«PREGÓN FIESTAS DE SIERRA ELVIRA 2026» Por Juan Arroyo Ruiz.
Buenas noches autoridades del Ayuntamiento de Atarfe, alcalde pedáneo, forasteros y, vecinos y vecinas de Sierra Elvira.
Creo que muchos ya sabéis quien soy, pero para quién no lo sepa, soy Juan, el del Juani de la Pastora y de mi Loli; o el sobrino de la Mari Pepa.
Primero quiero darle las gracias al alcalde pedáneo Juan, y a su primera dama Silvia por elegirme como pregonero.
La verdad es que la noche en la que me escribió Silvia diciendo que me habían escogido como pregonero de las fiestas, y esto es algo que ella no sabe, pensé: Menudo lío en el que me van a meter. Pero a la mañana siguiente, y con esa valentía que te da el estar recién levantado y sin un café en el cuerpo le dije: Silvia, palante con esto.
Y bueno, aunque la fatiga me pueda, que ya lo notaréis, aquí estoy.
Y la verdad, mucha gente pensará que es fácil hacer un pregón para un pueblo tan pequeño, pero yo pienso todo lo contrario, es más difícil aquí en donde todos nos conocemos.
Y es que claro, que se puede decir de, como muchos los llaman, este pueblo, anejo, aldea… Que seguro que a muchos nos ha pasado que cuando decimos que somos de aquí, muchos nos preguntan: pero ¿y eso por donde queda?
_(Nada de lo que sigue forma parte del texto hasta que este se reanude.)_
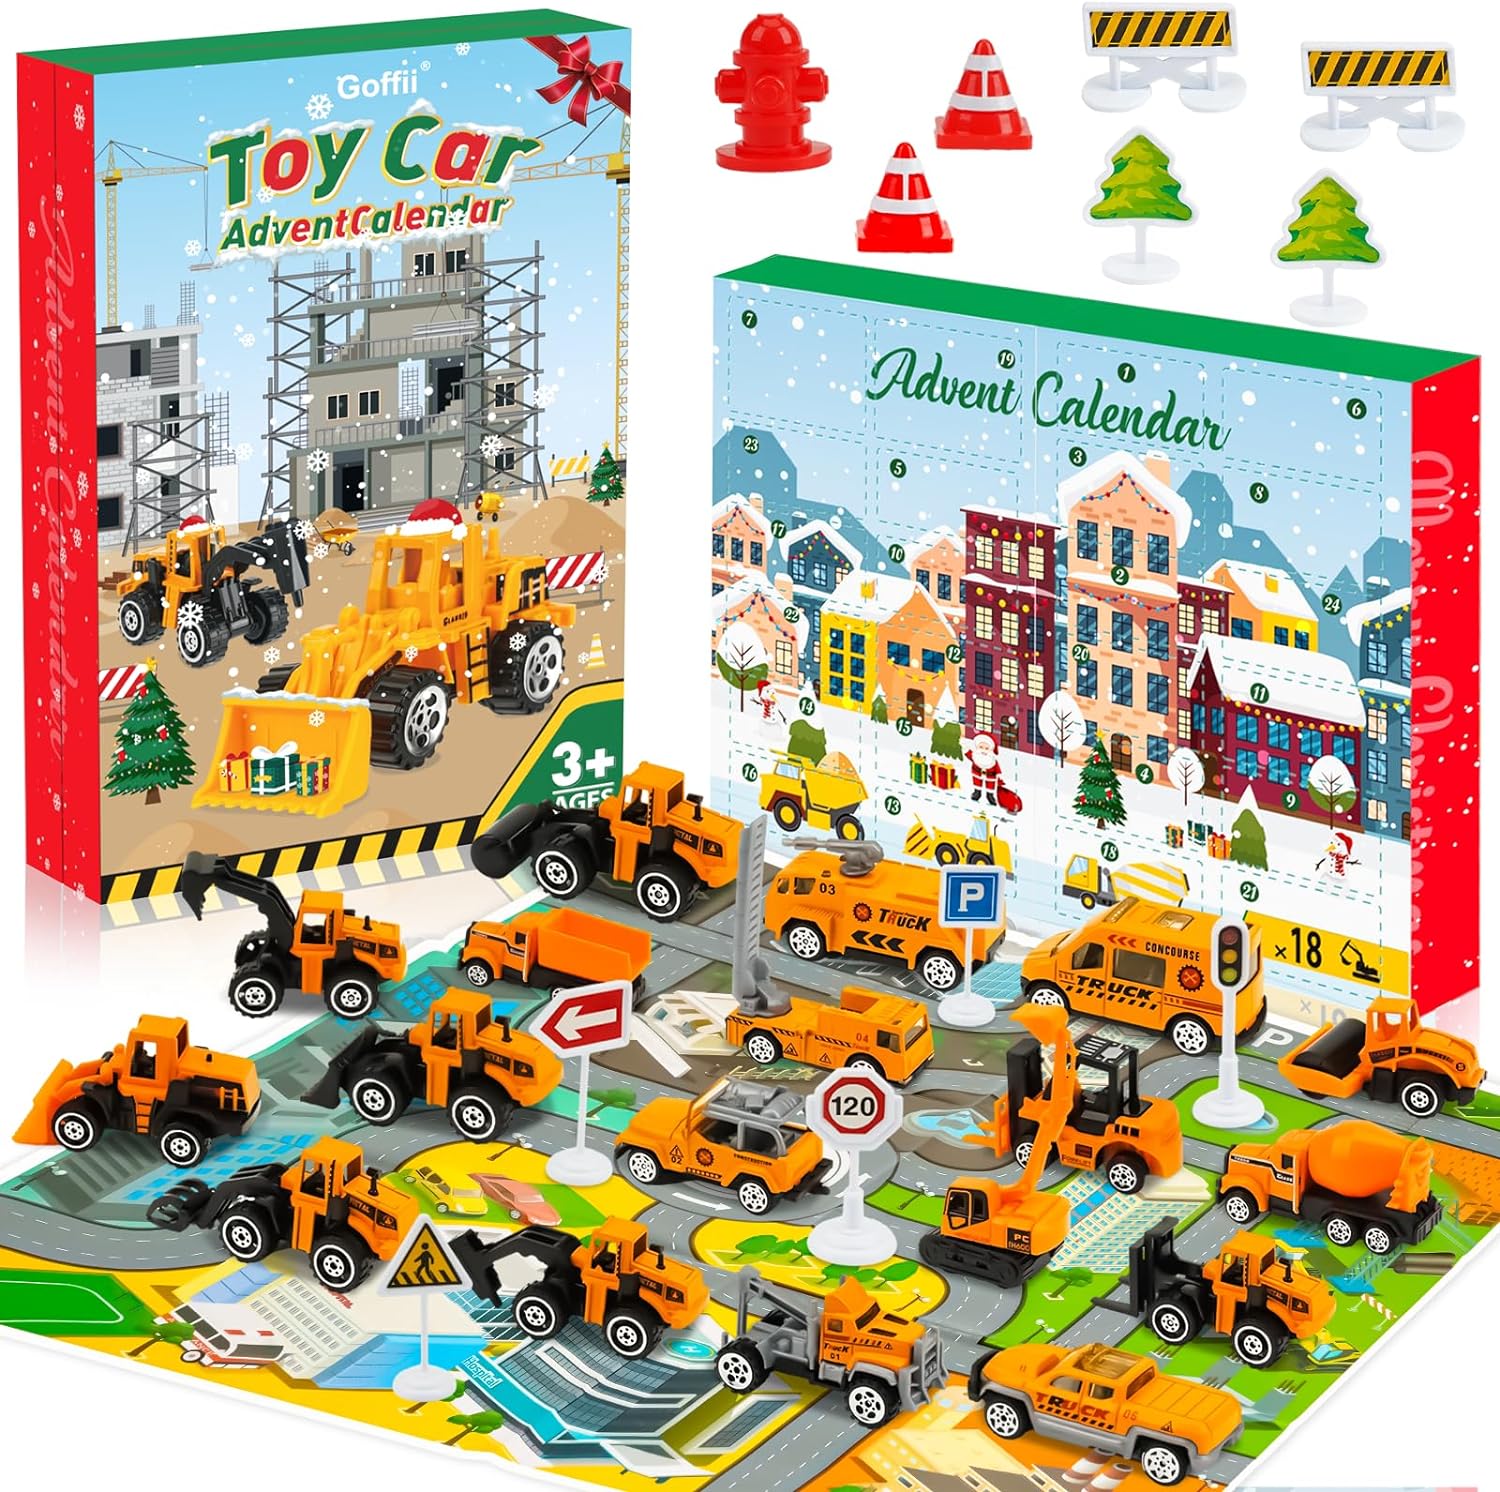 Advent Calendar Children, Advent Calendar 2023 Children's Car Toy from 3 4 5 6 Years Boys Girls Children Christmas Calendar 2023 Christmas Gifts for Filling Construction Site Vehicle Gift for Children

A lo que siempre se responde: Entre Atarfe y Pinos. Y siempre te dicen: ¡Ah claro! Donde las piscinas de agua caliente.
Y es verdad que es un pueblo pequeño que pasa desapercibido, pero no para su gente.
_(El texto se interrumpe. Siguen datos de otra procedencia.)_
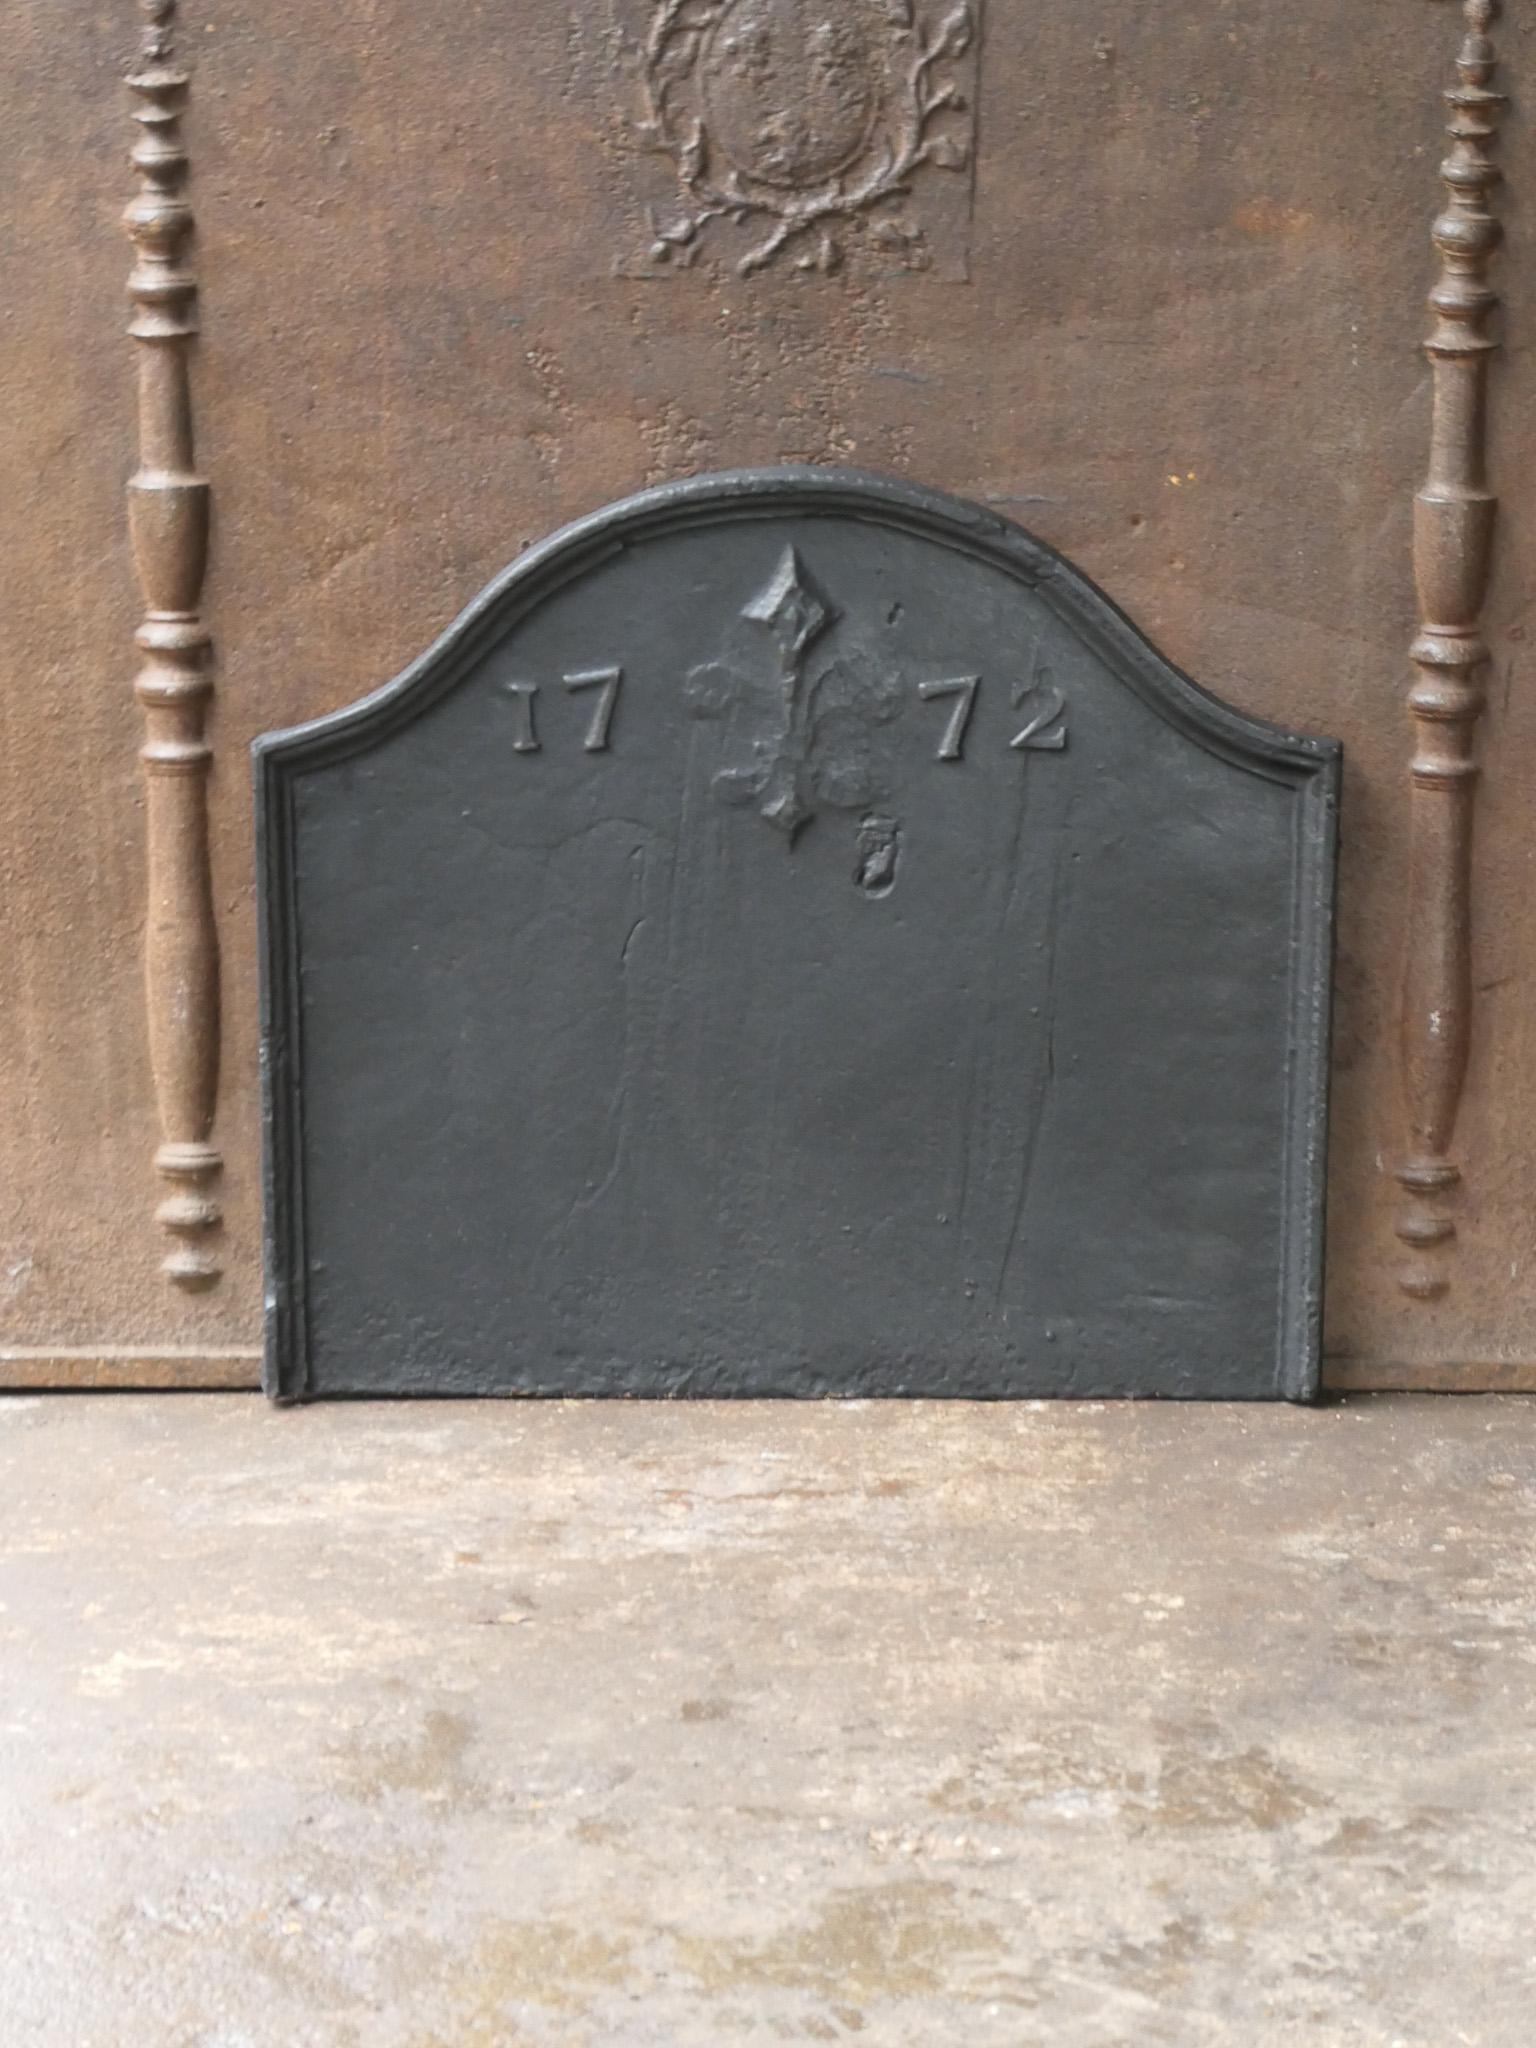 Beautiful 18th century French Louis XV fireback with Fleur de Lys (French Lily). The Fleur de Lys symbolized royalty and aristocracy throughout Europe.  During the French revolution the Fleur de Lys was partially truncated as it symbolized loyalty

Yo llevo aquí prácticamente toda la vida, y, aunque una parte de mi corazón pertenece a Válor, en la Alpujarra, por parte de mi Lolica y mi abuela Dolores, este va a ser siempre mi hogar, y es que claro, el haber estado aquí tantísimos años ha dado para tener muchas vivencias.
Mis recuerdos de chico, juntándonos una piara de niños, como mi hermana, Laura, Fran, Jenny, Silvia, mis primas… a jugar por las calles del pueblo, y porque no decirlo, a molestar muchas veces a los vecinos. También recuerdo esas aventuras por la vega con mi tío Paco, cuando nos llevaba a la casa de los enanitos o al puente pinichi, que quien sabe donde quedará eso, o pasear por la sierra con mi perrita Abri, mi hermana Lorena y mi hermano Carlos.
Pero hoy nos ocupa hablar de las fiestas.
Este pueblo ha tenido grandes fiestas como las que hoy celebramos, pero también estaba la candelaria y las cruces.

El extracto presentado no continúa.